Charles de Solier, Sieur de Morette1480 by Hans Holbein the Younger

...flicking through many heavy tomes and grimoires my roving eyes were constantly transfixed by this gentleman as his eyes seemingly locked on to mine – no matter how fast I was thumbing through the pages....

That’s what floors me – this was done in 1534 or 35. With no “reference” as we would understand it today. No Google search, no camera, nothing. Everything just observed from life. Nearly 500 years ago. And there is no hint of stylisation, cliche or pandering to the punters ego. Not even any dramatic lighting or particularly ominous shadows. He just painted what he saw. Old Charles de Solier is as real in 2018 as he was – no doubt was back in 1535. I have always loved Holbein and there are many incredible portraits to his name which, as well as making his contemporaries look rather tawdry, must have caused many hogs-hair brushes to be snapped asunder and just as many feet to have been kicked through canvasses in frustration.

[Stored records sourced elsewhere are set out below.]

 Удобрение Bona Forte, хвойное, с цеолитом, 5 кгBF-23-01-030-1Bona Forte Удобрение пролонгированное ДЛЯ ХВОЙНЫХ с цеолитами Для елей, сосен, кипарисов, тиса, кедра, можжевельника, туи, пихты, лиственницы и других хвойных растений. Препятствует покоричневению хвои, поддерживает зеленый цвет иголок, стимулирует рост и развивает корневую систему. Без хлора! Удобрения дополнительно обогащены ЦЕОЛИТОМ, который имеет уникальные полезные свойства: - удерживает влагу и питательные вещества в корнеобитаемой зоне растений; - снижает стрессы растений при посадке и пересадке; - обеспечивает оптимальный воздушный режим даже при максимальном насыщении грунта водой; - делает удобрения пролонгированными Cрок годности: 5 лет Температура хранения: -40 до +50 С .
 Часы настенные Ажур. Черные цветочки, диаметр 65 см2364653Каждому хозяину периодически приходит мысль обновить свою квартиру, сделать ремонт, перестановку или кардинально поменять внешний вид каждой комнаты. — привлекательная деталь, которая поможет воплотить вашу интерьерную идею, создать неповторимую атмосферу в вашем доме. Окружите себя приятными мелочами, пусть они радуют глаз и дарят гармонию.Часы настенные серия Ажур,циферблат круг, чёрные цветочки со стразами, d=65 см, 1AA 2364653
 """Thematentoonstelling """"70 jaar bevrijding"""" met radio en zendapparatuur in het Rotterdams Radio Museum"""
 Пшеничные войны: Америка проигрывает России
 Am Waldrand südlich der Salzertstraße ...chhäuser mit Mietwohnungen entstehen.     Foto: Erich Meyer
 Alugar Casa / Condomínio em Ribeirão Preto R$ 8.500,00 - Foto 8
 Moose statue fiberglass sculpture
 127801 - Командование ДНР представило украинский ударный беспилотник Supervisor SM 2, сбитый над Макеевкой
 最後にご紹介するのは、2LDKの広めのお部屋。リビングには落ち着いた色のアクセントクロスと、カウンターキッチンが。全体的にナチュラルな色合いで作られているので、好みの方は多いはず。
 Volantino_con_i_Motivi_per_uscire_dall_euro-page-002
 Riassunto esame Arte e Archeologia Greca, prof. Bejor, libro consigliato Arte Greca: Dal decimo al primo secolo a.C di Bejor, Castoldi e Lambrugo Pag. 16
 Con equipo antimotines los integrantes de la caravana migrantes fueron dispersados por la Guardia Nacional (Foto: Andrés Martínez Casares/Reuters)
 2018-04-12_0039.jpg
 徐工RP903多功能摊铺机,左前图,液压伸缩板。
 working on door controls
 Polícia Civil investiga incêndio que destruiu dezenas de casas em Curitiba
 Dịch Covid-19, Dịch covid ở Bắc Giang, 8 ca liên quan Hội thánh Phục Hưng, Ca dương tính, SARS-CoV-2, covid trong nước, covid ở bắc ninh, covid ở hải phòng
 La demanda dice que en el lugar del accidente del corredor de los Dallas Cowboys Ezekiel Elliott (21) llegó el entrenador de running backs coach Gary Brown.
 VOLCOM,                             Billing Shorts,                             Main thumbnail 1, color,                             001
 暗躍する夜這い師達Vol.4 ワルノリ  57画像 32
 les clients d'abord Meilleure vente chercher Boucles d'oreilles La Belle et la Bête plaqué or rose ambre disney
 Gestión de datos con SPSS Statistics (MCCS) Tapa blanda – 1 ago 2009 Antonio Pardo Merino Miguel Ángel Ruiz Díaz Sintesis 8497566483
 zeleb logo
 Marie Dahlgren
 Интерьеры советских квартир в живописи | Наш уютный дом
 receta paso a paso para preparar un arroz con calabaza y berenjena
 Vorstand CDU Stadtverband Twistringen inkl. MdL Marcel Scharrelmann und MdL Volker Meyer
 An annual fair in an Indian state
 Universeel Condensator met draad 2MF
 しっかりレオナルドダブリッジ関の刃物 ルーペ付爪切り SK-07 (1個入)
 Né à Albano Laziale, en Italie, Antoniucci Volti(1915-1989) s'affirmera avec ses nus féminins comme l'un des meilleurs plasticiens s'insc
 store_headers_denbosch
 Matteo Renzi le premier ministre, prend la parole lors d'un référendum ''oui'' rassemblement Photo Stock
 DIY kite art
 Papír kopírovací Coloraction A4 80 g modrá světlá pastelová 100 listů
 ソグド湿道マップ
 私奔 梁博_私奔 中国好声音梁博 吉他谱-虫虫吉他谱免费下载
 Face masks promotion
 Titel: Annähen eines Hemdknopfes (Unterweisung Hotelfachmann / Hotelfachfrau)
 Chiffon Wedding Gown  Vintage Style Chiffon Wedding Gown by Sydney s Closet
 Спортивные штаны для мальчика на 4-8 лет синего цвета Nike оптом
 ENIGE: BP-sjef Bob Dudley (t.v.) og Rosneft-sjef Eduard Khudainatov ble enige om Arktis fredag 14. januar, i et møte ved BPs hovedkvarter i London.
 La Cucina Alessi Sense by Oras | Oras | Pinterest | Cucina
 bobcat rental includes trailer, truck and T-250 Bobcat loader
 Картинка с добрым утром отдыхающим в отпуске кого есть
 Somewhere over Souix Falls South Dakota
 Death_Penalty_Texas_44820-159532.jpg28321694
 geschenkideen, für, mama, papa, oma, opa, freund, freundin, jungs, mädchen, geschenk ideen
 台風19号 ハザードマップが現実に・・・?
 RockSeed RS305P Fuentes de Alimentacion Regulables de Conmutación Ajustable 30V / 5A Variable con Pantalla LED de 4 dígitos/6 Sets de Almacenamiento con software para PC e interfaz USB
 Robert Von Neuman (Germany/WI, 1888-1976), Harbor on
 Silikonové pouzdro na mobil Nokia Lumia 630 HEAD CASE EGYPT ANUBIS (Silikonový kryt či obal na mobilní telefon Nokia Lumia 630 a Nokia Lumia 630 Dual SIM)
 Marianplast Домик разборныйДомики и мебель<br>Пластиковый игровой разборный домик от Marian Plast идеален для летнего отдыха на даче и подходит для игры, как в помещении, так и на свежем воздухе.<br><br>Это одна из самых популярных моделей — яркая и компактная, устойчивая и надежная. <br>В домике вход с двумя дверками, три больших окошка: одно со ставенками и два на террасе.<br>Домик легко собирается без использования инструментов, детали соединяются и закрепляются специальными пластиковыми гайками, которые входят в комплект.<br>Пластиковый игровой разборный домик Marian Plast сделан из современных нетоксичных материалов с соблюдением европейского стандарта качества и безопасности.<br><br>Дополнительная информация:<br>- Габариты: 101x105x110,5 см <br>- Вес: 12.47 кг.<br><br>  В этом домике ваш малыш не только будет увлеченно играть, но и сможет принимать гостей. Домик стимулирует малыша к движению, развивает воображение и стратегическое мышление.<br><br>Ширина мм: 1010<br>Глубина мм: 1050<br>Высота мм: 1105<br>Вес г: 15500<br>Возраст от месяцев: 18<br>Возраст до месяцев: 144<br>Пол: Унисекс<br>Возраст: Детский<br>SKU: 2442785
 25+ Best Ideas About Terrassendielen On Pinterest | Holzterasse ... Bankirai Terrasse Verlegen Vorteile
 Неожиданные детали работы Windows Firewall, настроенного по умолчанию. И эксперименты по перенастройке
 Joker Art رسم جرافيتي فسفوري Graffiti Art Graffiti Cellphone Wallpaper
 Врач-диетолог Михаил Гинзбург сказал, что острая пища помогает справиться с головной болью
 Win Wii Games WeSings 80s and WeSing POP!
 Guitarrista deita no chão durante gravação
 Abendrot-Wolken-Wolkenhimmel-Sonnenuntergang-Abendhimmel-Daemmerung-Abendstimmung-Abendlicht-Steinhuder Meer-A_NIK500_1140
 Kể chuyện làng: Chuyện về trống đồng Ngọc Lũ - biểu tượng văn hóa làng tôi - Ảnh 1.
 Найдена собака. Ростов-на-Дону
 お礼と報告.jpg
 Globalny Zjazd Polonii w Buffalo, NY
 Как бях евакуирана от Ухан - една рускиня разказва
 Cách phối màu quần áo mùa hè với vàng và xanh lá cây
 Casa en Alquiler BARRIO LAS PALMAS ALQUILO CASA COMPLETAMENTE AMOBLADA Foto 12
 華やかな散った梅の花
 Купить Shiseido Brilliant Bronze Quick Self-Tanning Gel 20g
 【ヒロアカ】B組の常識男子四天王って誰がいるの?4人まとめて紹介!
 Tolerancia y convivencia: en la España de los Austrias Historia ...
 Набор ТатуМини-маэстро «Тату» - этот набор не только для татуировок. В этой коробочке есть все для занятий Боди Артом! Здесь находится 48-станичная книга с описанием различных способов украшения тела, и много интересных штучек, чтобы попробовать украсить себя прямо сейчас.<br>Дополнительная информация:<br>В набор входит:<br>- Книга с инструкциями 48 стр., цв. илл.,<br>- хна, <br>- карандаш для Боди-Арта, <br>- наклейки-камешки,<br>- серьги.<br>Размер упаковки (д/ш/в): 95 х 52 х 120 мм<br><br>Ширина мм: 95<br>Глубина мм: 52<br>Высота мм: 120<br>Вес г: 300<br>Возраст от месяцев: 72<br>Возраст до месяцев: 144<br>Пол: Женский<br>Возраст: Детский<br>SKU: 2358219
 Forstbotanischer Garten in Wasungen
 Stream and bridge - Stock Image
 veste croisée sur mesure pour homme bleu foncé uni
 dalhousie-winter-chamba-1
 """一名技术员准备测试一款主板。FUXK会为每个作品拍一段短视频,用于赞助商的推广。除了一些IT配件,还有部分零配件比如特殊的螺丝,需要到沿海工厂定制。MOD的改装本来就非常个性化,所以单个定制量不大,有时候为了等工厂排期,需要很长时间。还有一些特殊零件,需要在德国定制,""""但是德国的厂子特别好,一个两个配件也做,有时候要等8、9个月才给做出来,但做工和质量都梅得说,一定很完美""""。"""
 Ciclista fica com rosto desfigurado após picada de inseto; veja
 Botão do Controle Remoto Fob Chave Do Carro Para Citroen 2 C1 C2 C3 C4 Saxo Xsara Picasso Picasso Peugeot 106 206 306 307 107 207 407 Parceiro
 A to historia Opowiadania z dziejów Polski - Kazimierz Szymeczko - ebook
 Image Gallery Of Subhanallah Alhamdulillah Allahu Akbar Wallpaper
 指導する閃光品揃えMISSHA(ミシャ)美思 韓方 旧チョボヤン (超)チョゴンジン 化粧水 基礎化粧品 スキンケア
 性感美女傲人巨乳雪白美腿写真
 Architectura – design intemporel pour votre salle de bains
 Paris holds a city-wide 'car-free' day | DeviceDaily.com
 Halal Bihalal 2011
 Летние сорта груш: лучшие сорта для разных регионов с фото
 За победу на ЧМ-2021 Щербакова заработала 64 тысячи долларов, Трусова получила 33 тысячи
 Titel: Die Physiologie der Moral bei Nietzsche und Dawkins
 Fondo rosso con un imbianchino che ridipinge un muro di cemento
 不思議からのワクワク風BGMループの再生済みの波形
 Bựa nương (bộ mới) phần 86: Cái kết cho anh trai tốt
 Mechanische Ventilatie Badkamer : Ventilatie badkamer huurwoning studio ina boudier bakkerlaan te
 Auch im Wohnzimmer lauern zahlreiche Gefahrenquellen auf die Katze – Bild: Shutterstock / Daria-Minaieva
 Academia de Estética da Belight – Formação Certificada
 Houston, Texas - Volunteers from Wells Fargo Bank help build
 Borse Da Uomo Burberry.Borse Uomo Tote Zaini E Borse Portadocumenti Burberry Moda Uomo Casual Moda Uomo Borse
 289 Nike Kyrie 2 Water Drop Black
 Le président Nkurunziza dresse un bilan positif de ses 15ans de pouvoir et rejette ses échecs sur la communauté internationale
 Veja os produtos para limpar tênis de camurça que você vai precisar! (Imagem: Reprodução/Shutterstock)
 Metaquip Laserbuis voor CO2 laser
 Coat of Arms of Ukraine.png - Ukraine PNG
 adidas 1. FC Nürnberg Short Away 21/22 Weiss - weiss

Charles de Solier, comte de Morette (1480 – 1 February 1552), the son of Aubertin de Solier, comte de Morette (1465–1545), was a French soldier and diplomat as well as a long-serving gentilhomme de la chambre to Francis I. He acted as ambassador to England on a number of occasions from October 1526 to June 1535. Morette was in London in 1534 when Henry VIII was attempting to win French support for his repudiation of Catherine of Aragon, in an alliance against Charles V. Around this time, his portrait was painted by Hans Holbein the Younger.